Theorem: (König's edge-colouring theorem). For any bipartite graph $G=(V, E)$, $$ \chi(G)=\Delta(G) . $$ That is, the edge-colouring number of a bipartite graph is equal to its maximum degree.
Proof. Let $M_1, \ldots, M_{\Delta(G)}$ be a collection of disjoint matchings covering a maximum number of edges. If all edges are covered, we are done. So suppose that edge $e=u v$, say, is not covered. Then (since $\operatorname{deg}(u) \leq \Delta(G)$ ) some $M_i$ misses $u$ and (similarly) some $M_j$ misses $v$. If $i=j$ we can extend $M_i$ to $M_i \cup\{e\}$. If $i \neq j, M_i \cup M_j \cup\{e\}$ makes a bipartite graph of maximum degree at most two.

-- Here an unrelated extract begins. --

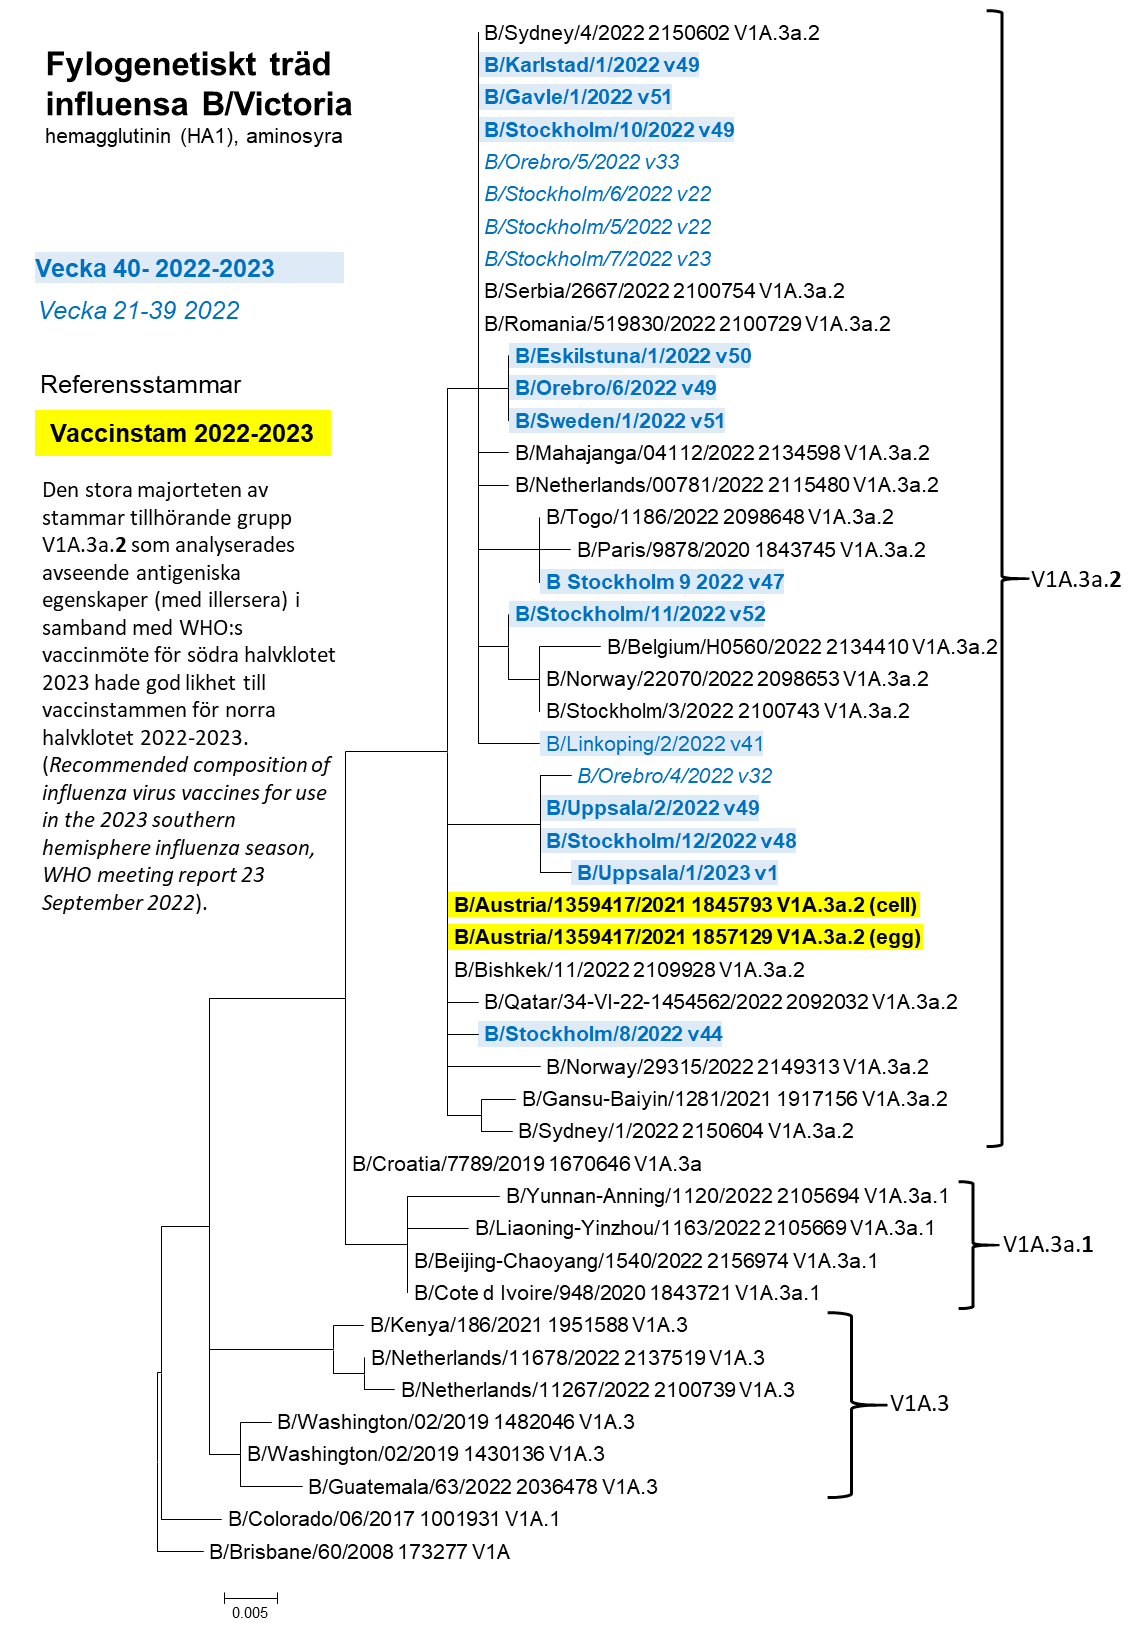 Ett fylogenetiskt träd avseende influensa B Victoria, läs mer under specialavsnitt karaktärisering, underrubrik genetisk grupp. 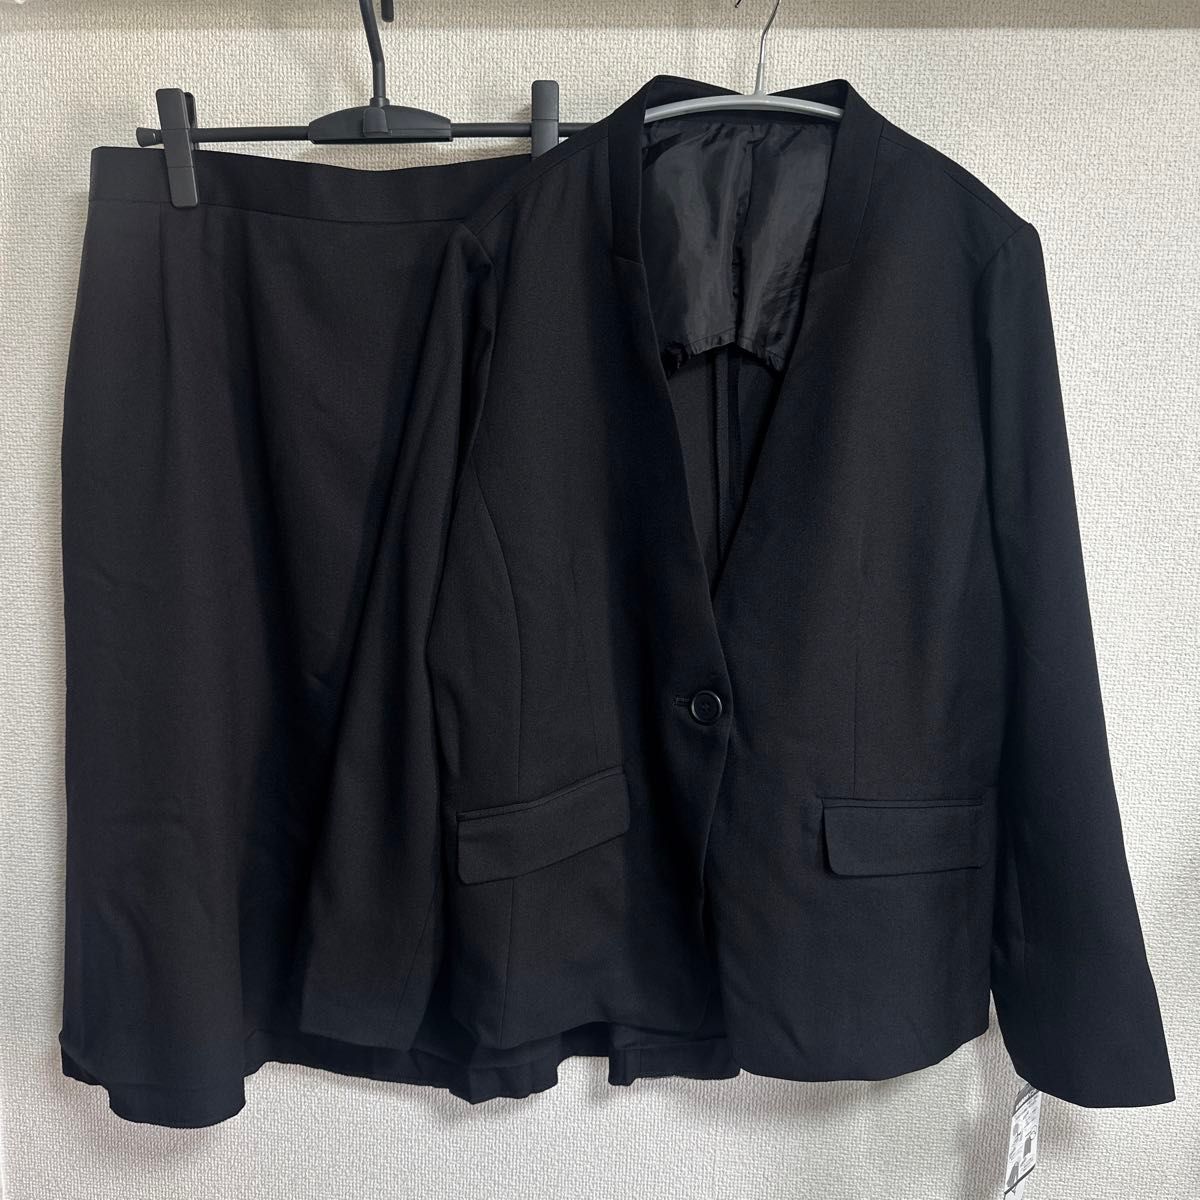 新品未使用品 LLサイズ スカートスーツ 上下セット ブラック 大きいサイズ セットアップ スカート スーツ 黒

Hence there exist matchings $M$ and $N$ with $M_i \cup M_j \cup\{e\}=M \cup N$. So replacing $M_i$ and $M_j$ by $M$ and $N$, increases the number of edges covered, contradicting our assumption.
Question: There are two things in proof that I did not understand. Firstly, how can we know there exists a collection $M_i$ as above. Secondly, what the statement "replacing $M_i$ and $M_j$ by $M$ and $N$" means?
As you have at least one node with $\Delta(G)$ edges, you can find $\Delta(G)$ disjoint matchings with every single edge coming from this node. Also all those edges cannot be part of the same matching and we then choose the collection of matchings so that no edge is covered twice and still the maximum number of edges is covered.
You have the graph $M_i \cup M_j \cup \{e\}$ but can represent it with a matching $M\cup N$ that covers all edges from $M_i, M_j, \{e\}$. Thus if you replace $M_i, M_j$ in the original collection with $M, N$ you still get a valid collection of disjoint matchings but with one more edge covered. However, this is a contradiction to the original collection being chosen maximal.